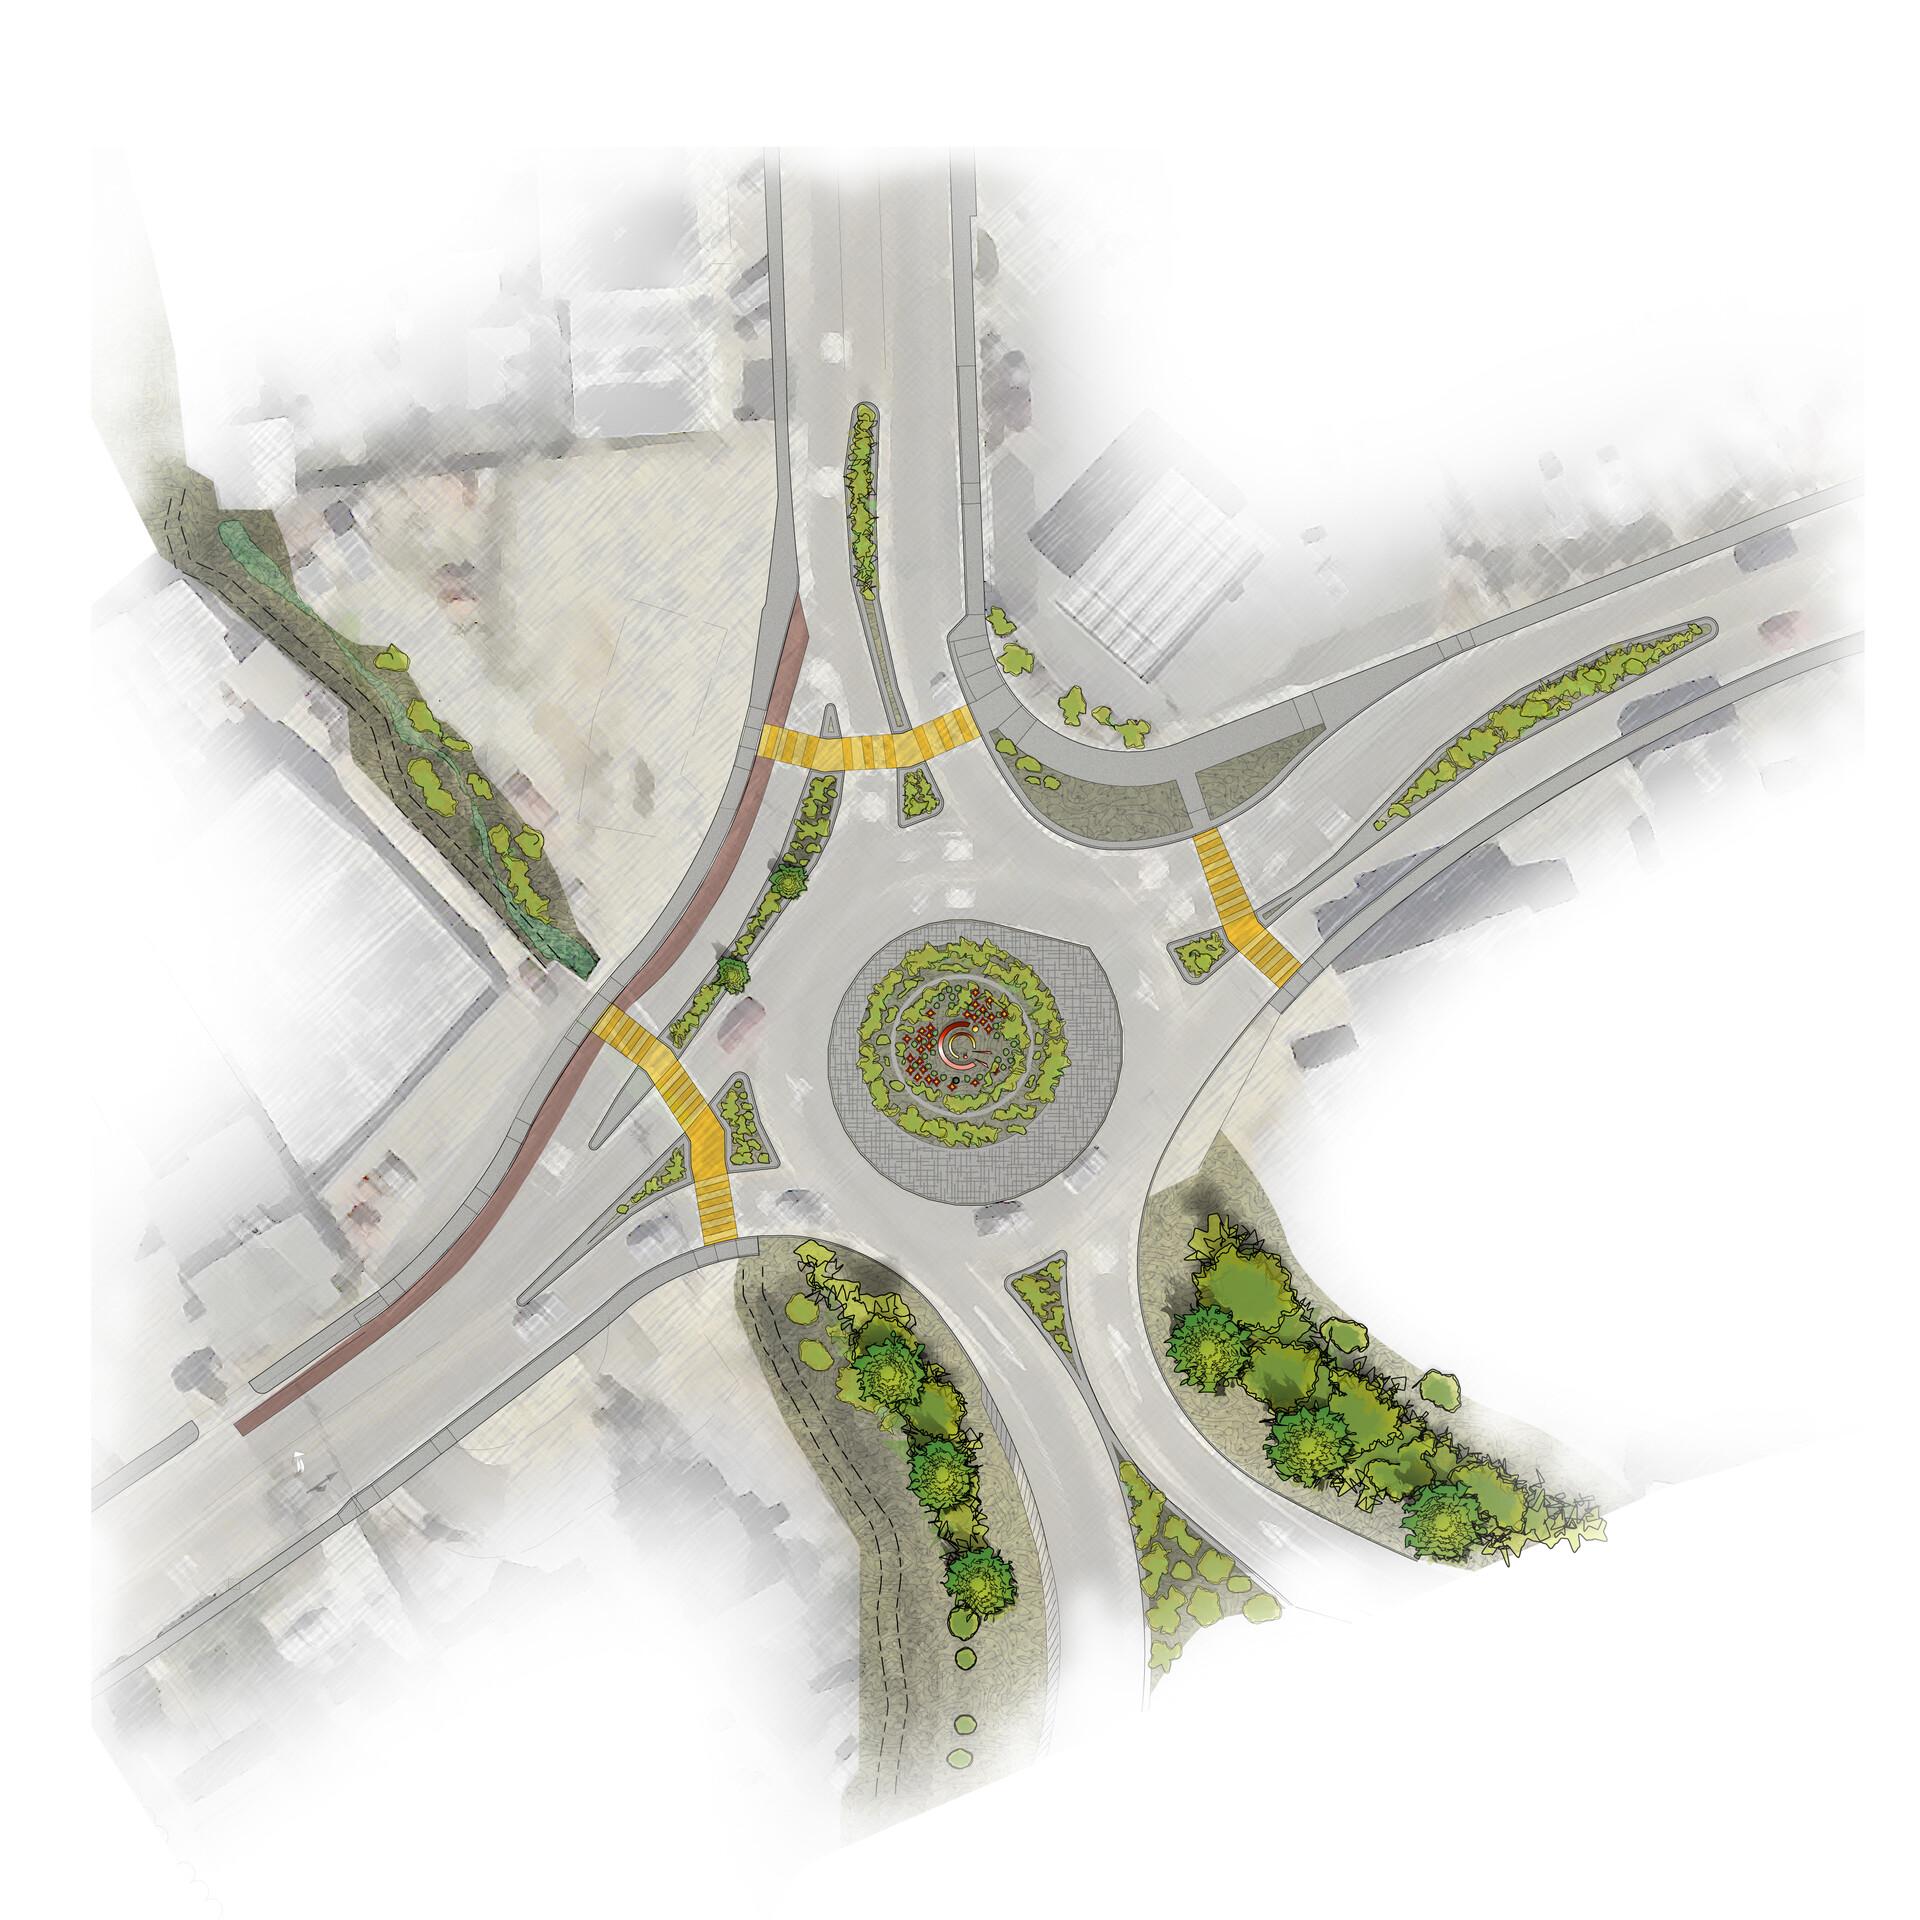 Gerard falla idaho maryland 04 main roundabout
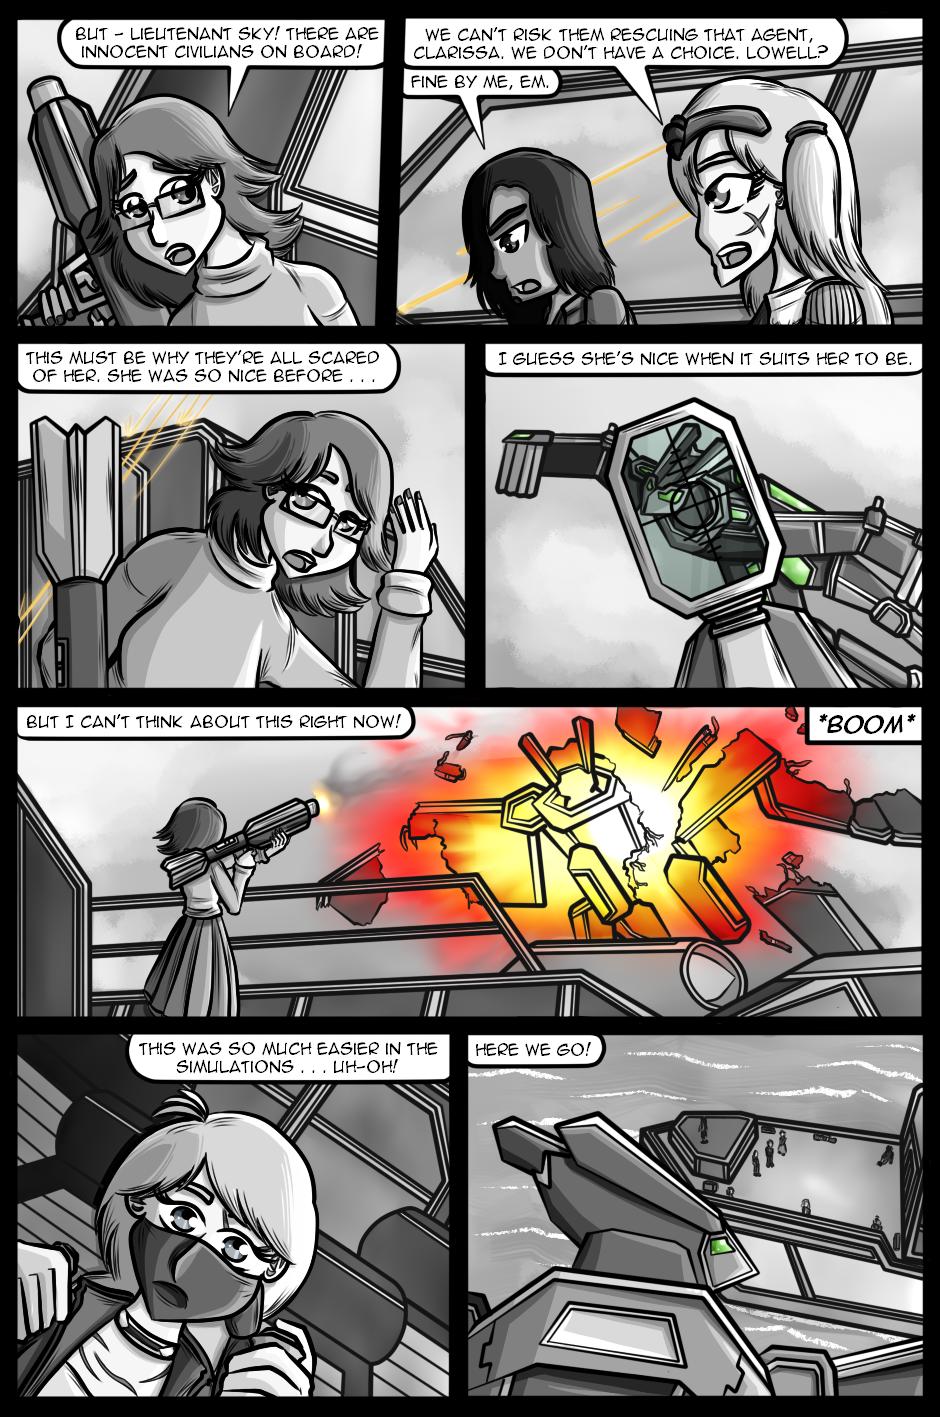 Fire Suppression, Part 30
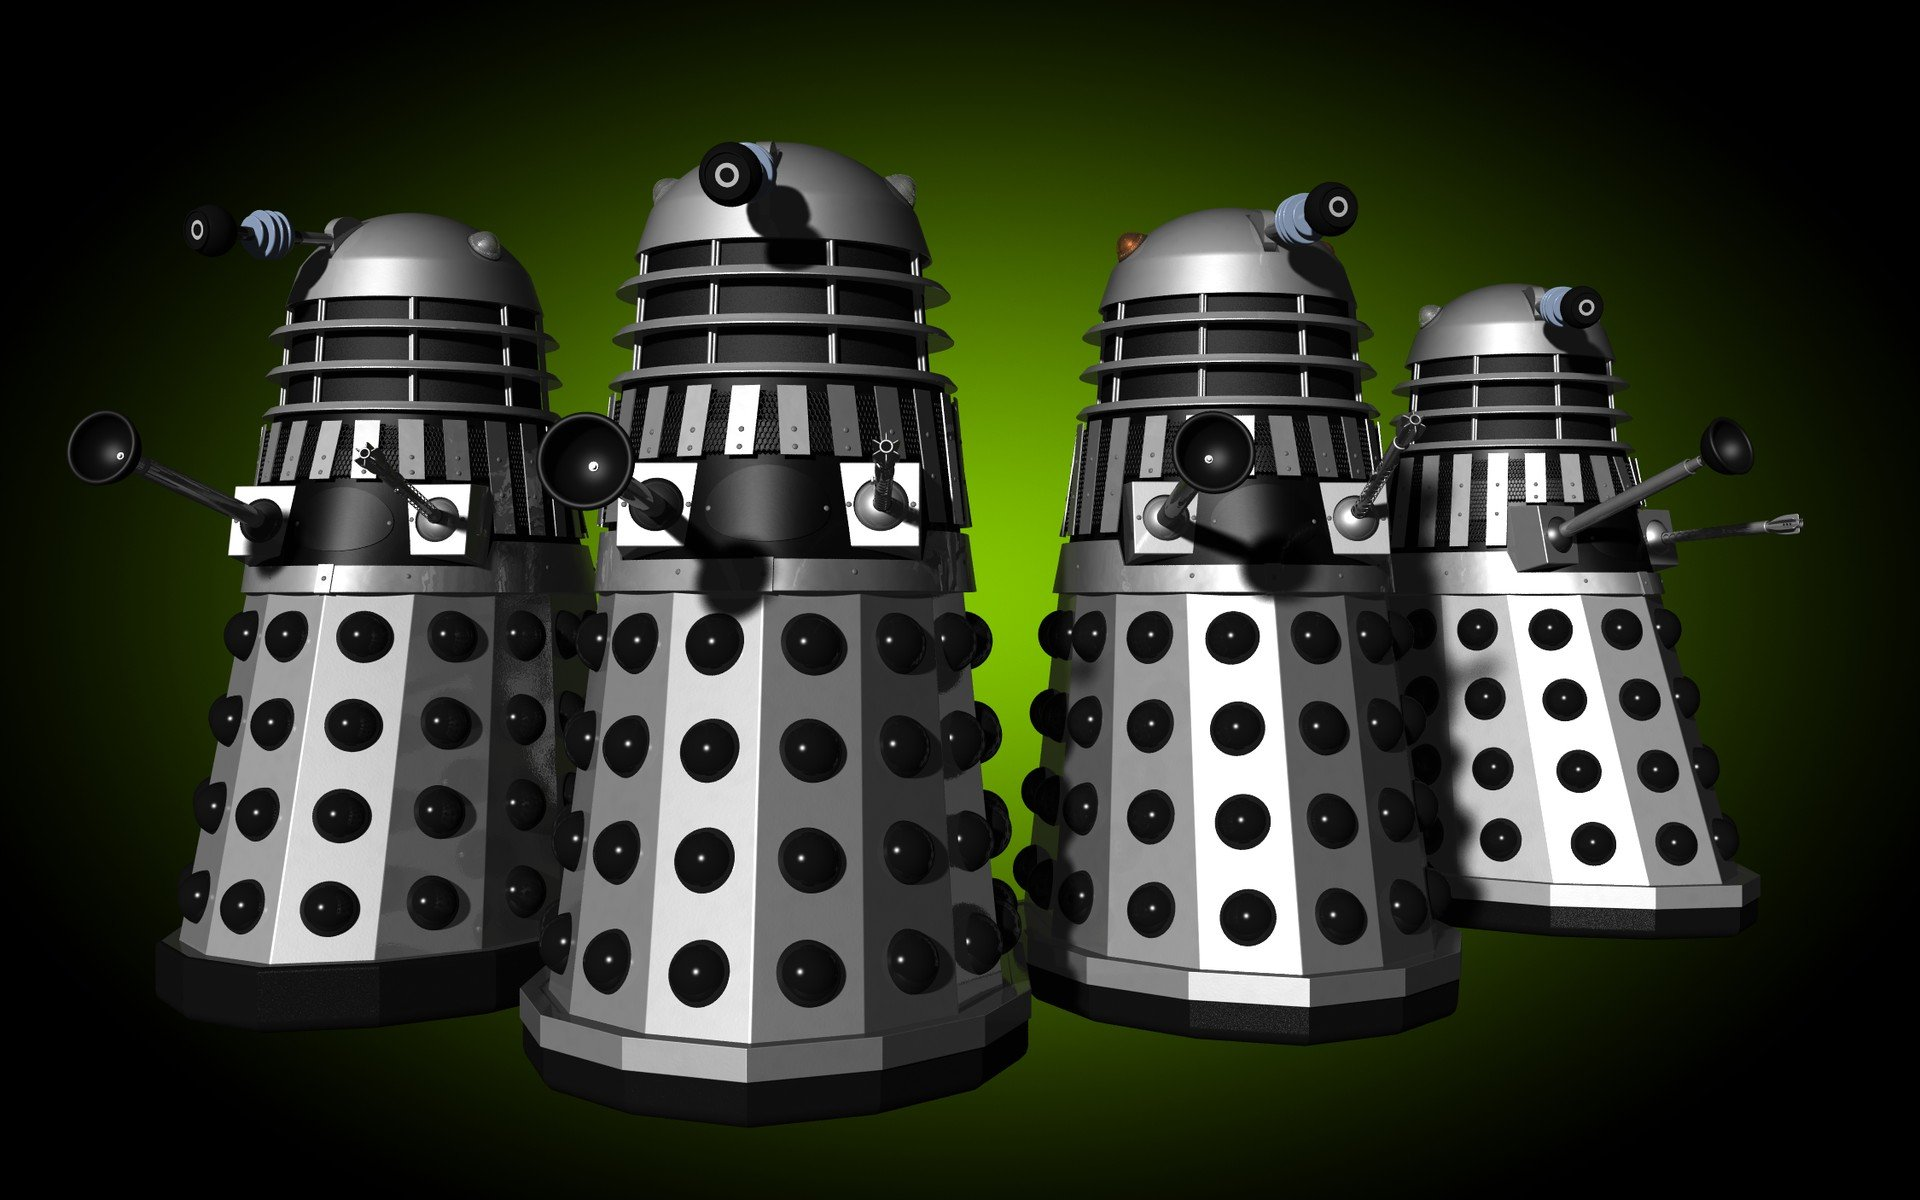 Dalek - Doctor Who Wallpaper
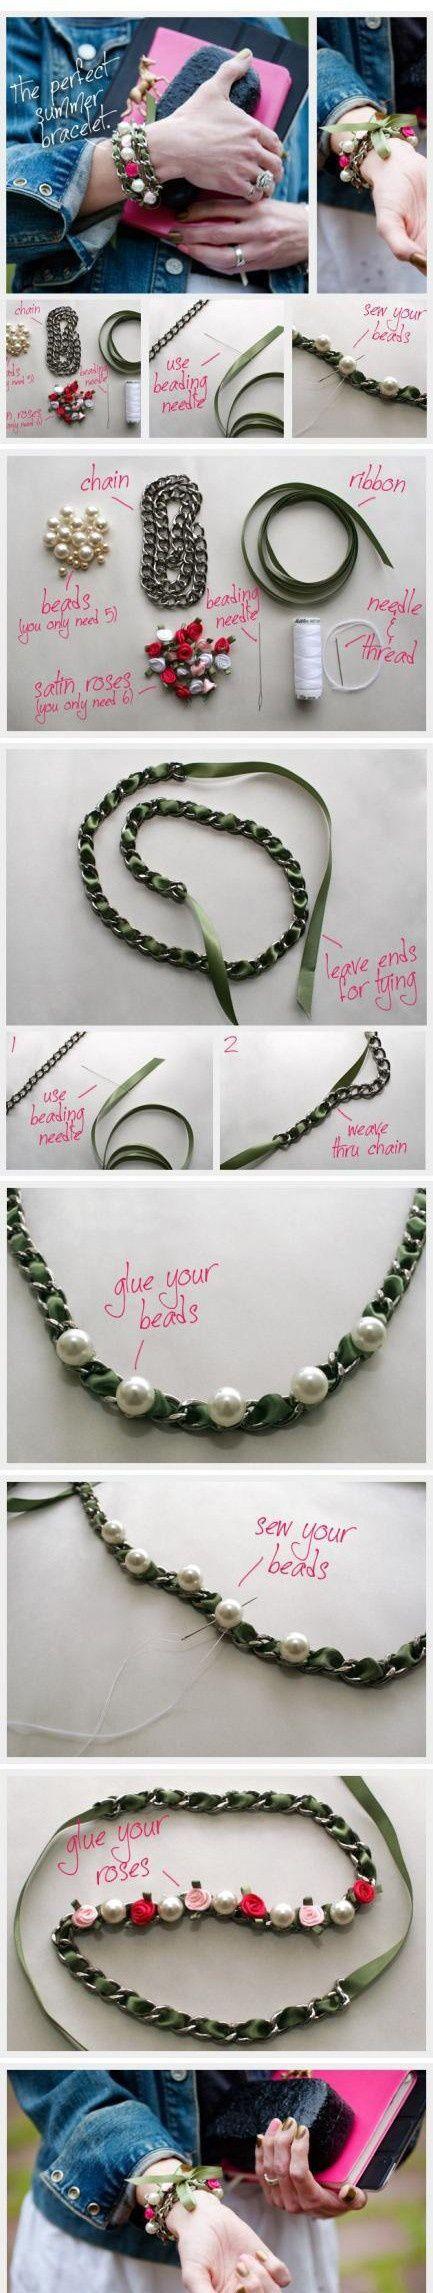 DIY Perfect Summer Bracelet

**Activity:**
Beginning with the line where "Fire Suppression, Part 30" appears, restate word for word every line down to the last one in the data, but keep the pictures out.

**Output of the task:**
 Fire Suppression, Part 30
 Dalek - Doctor Who Wallpaper
 DIY Perfect Summer Bracelet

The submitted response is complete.